4 minute read
THE FUTURE CHANGING
from 50 CHANGE MAKERS
by cxoinsightme
BERND WUERMSEER, SVP GLOBAL SALES AT COGNIGY, EXPLAINS WHY CONVERSATIONAL AI IS A GAME CHANGER FOR DIGITAL TRANSFORMATION AND AUTOMATION.
What is the future of CAI?
Advertisement
Well, first I’d say the future is very bright. The market is growing rapidly because both the value and return on investment are huge and also continue to be proven over and over again. The two main components of CAI are the AI-powered natural language understanding and process automation and orchestration. Large Language Models will bring significant change to the language understanding side of things bringing in better understanding and generation capabilities, particularly in terms of personalisation. On the automation side, I think enterprises will realise that the same value that CAI delivers to customers can be leveraged internally as well and see growth there too.
What is driving the demand for CAI?
Most self-service experiences suck, and customers are becoming more impatient with the mediocre service they’re receiving. That’s a huge driver to be honest, and the technology is already here to help improve customer experience. Additionally, the orchestration and automation capabilities play a major role because it enables companies to deploy CAI on top of their existing tech stack, bringing dozens of siloed channels and systems together into a single well-oiled machine. Finally, the number of service channels continues to increase making it challenging for businesses to keep up and serve them all accurately and consistently. With CAI, companies can tackle all the above mentioned issues with a single platform.
What is the difference between CAI and chatbots?
Chatbots typically mean narrowly scripted question and answer bots found on websites. They don’t use artificial intelligence and are only able to deliver information such as FAQs or take customer information and relay that information to a marketing or sales process for follow-up. Essentially, chatbots give customers the ability to fill out a web form via chat. You can think of them as first-generation bots where the idea and vision were still in the development stage and the functionality was very limited.
CAI, as is in the name, uses artificial intelligence and natural language understanding to create a conversational interface to software, in the same way your mouse, keyboard and monitor provide an interface for you to interact with say Microsoft Word or Firefox. A key difference here is the idea of an interface, i.e., a road into key backend systems like your CRM, case management or say a reservations system.

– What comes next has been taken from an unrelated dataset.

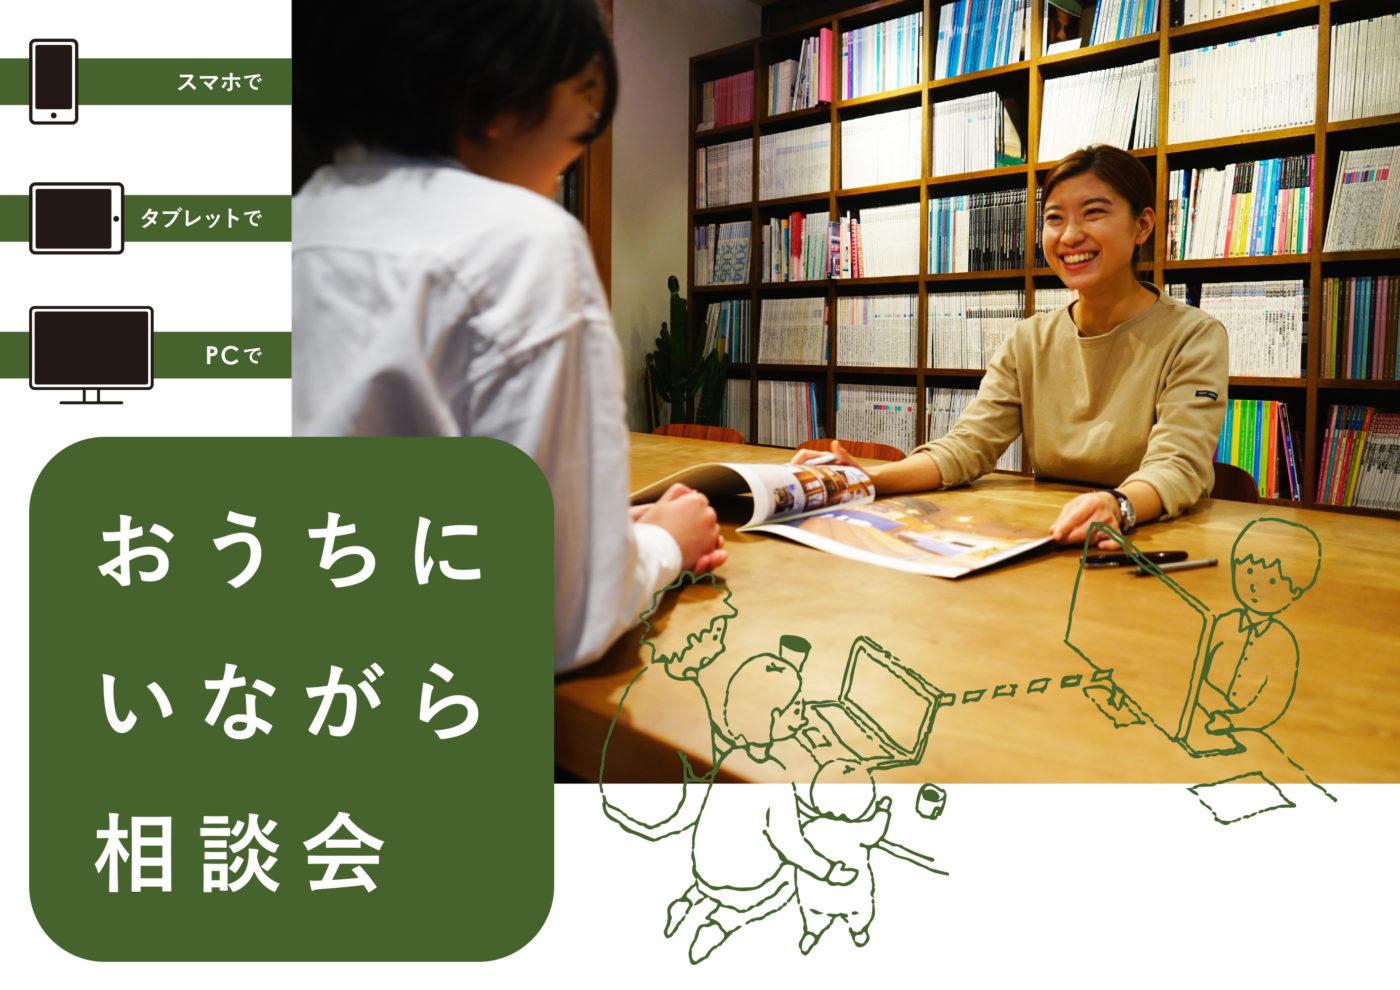 オンライン見学&相談会 in 新潟

Once you enable users to find information and carry out tasks and actions via language, you’ve got much more than a chatbot. Instead of calling a customer service agent who will navigate through multiple systems on their end and do what you need, the customer is suddenly able to do all of this themselves. So, CAI is the combination of AI as it pertains to language and process automation and orchestration which is far more powerful. It’s what enables Lufthansa for example to fully automate millions of conversations a year even on complex topics like flight refunds or rebooking instead of a classic chatbot that would just return a link to their policy or provide a phone number. It empowers customers to solve problems themselves, across dozens of channels.
How can enterprises use tools such as ChatGPT and GPT-3?
Right now, the business-ready use cases are limited. That’s not to say there aren’t plenty more great ideas that still need to be tested or further developed but putting something into the product is a much higher bar than letting people play unfiltered with ChatGPT. The first way to use large language models like GPT-3 is in building virtual agents. We’ve already built that into Cognigy and currently have an open beta program with many customers using it. Since LLMs are designed to generate languages, a conversation designer can use them to build chat flows in seconds, based only on a short description of what it should do or on a customer conversation. Additionally, they can quickly generate training data for intents and lexicons such as lists of city names or food items.
Second, on the customer-facing side of things, which is also something available now within Cognigy.AI, you can use GPT to rephrase standard responses into unique customer-specific ones by including the conversation history and context. That way you can ensure your business’s process is followed and the correct information is given, but it can be phrased in a personalised way for every single customer. It can also be used to extend natural language understanding capabilities by having it process customer inputs to improve the models understanding of what customers are writing or saying. If a virtual agent asked me how many people are flying and I say “Four people” then it’s straightforward. But if I say “That’s me, my wife and our two kids” it becomes much harder. That’s where GPT comes into play. So, it’s truly a better together story because CAI ensures consistency that your business processes and offers all the orchestration, automation and integration opportunities while GPT enables once unthinkable natural language understanding and generation to personalise every experience at scale.
What are some of the risks lurking behind ChatGPT?
Right now, the biggest risks come from customers directly accessing GPT-3 which opens up the possibilities of things like prompt injection attacks, hallucinations where the model confidently and convincingly gives false answers, as well as the risk of it saying hateful, discriminatory or other controversial things. To be clear, this is the exact same risk if you try ChatGPT directly which is why the current use cases are either on the backend or using GPT to augment processes but not take independent action. Another lesser discussed risk is cost on the customer-facing side. While LLMs offer some amazing advantages, every API call comes at a cost so when you’re thinking about scale, say millions of conversations a year, the additional cost of say rephrasing every single response rises quickly. So, it’s important not to be blinded by the advantages and carefully consider the situations where the added value is worth the added cost.